Currie's primary research interest was in palaeontology. Her first publication was a joint paper with Professor John Gregory on fossil sea-urchins. She led a study of Scottish carboniferous goniatites.

In 1945 she became the first woman to be awarded the Neill Prize by the Royal Society of Edinburgh and in 1949, she was one of the first women to be made a Fellow of the Royal Society of Edinburgh (along with Sheina Marshall). Her proposers were Sir Edward Battersby Bailey, John Weir, Murray Macgregor, Sir Arthur Elijah Trueman, George W. Tyrell and Neville George.

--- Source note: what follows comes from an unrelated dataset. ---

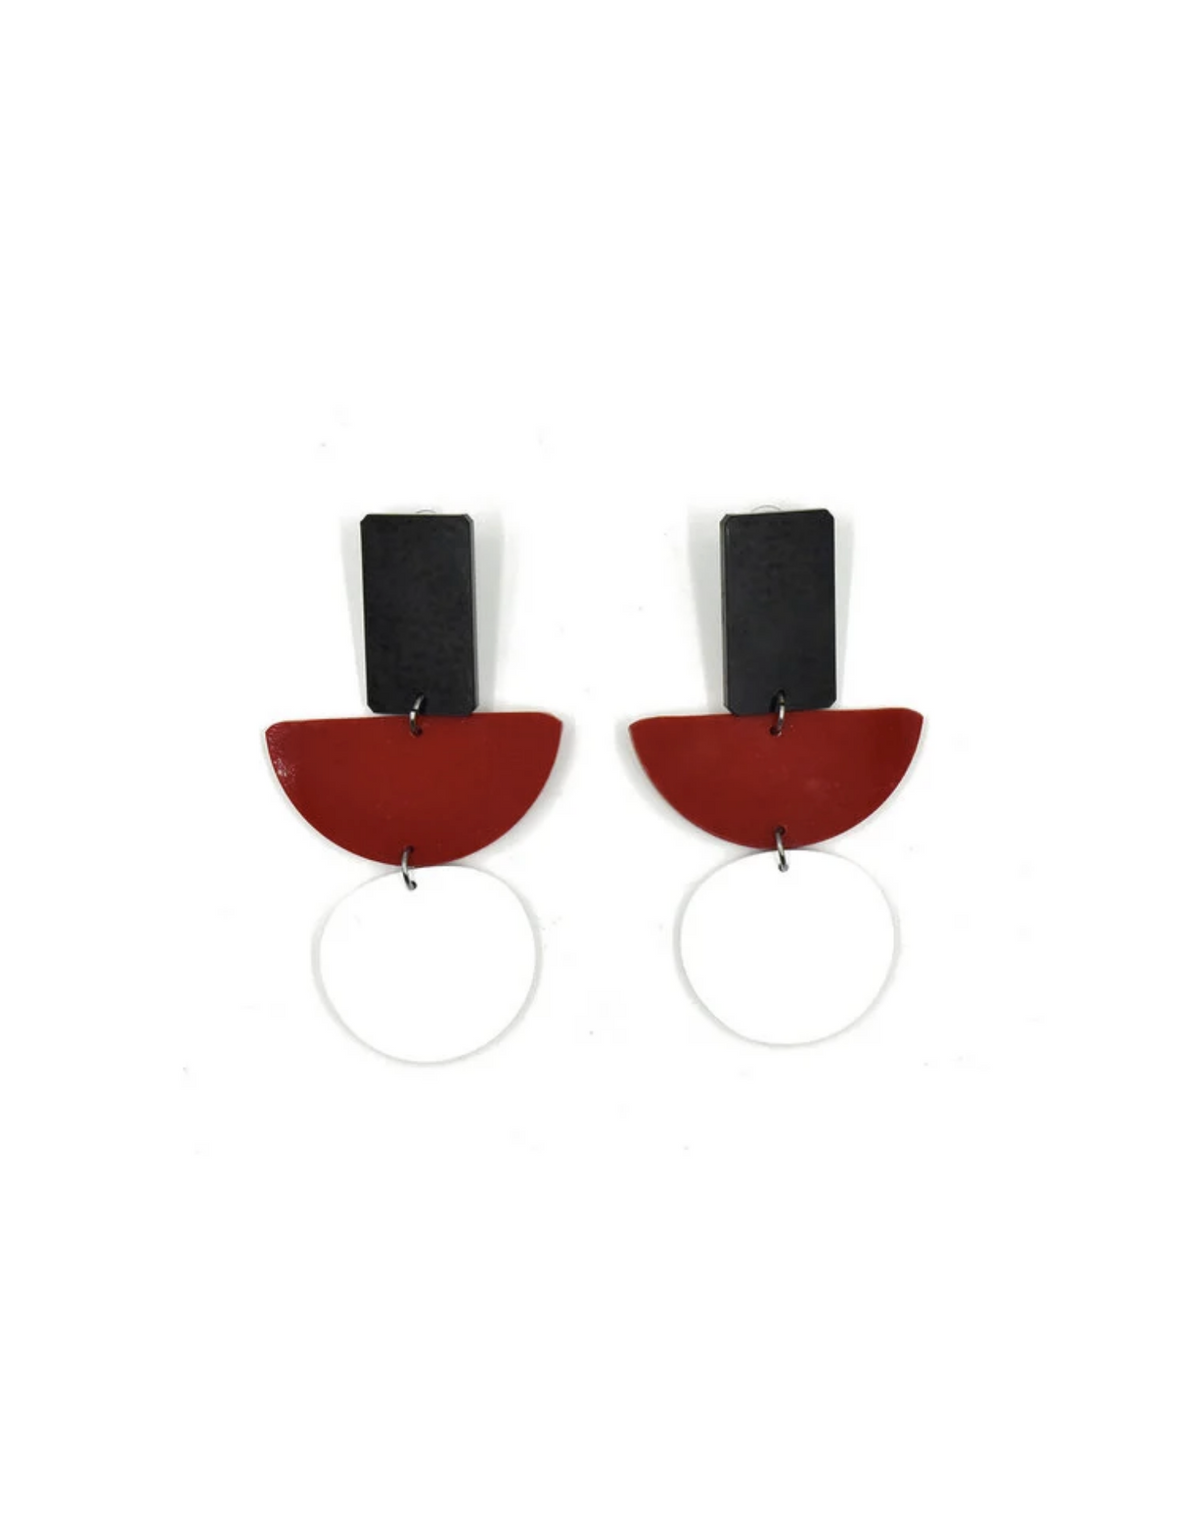 CB456 - Half Moon earrings in White and Red

Her contributions were acknowledged by the Geological Society of London and she was awarded its Wollaston Fund.

In 1952 she was elected the first female President of the Glasgow Geological Society, in succession to Neville George. She was succeeded in turn in 1955 by George in a second term of office.

Professor John Gregory invited her to assist with the care and arrangement of the geological collections in the Hunterian Museum after her graduation. She worked as assistant curator of the Museum until she retired in September 1962.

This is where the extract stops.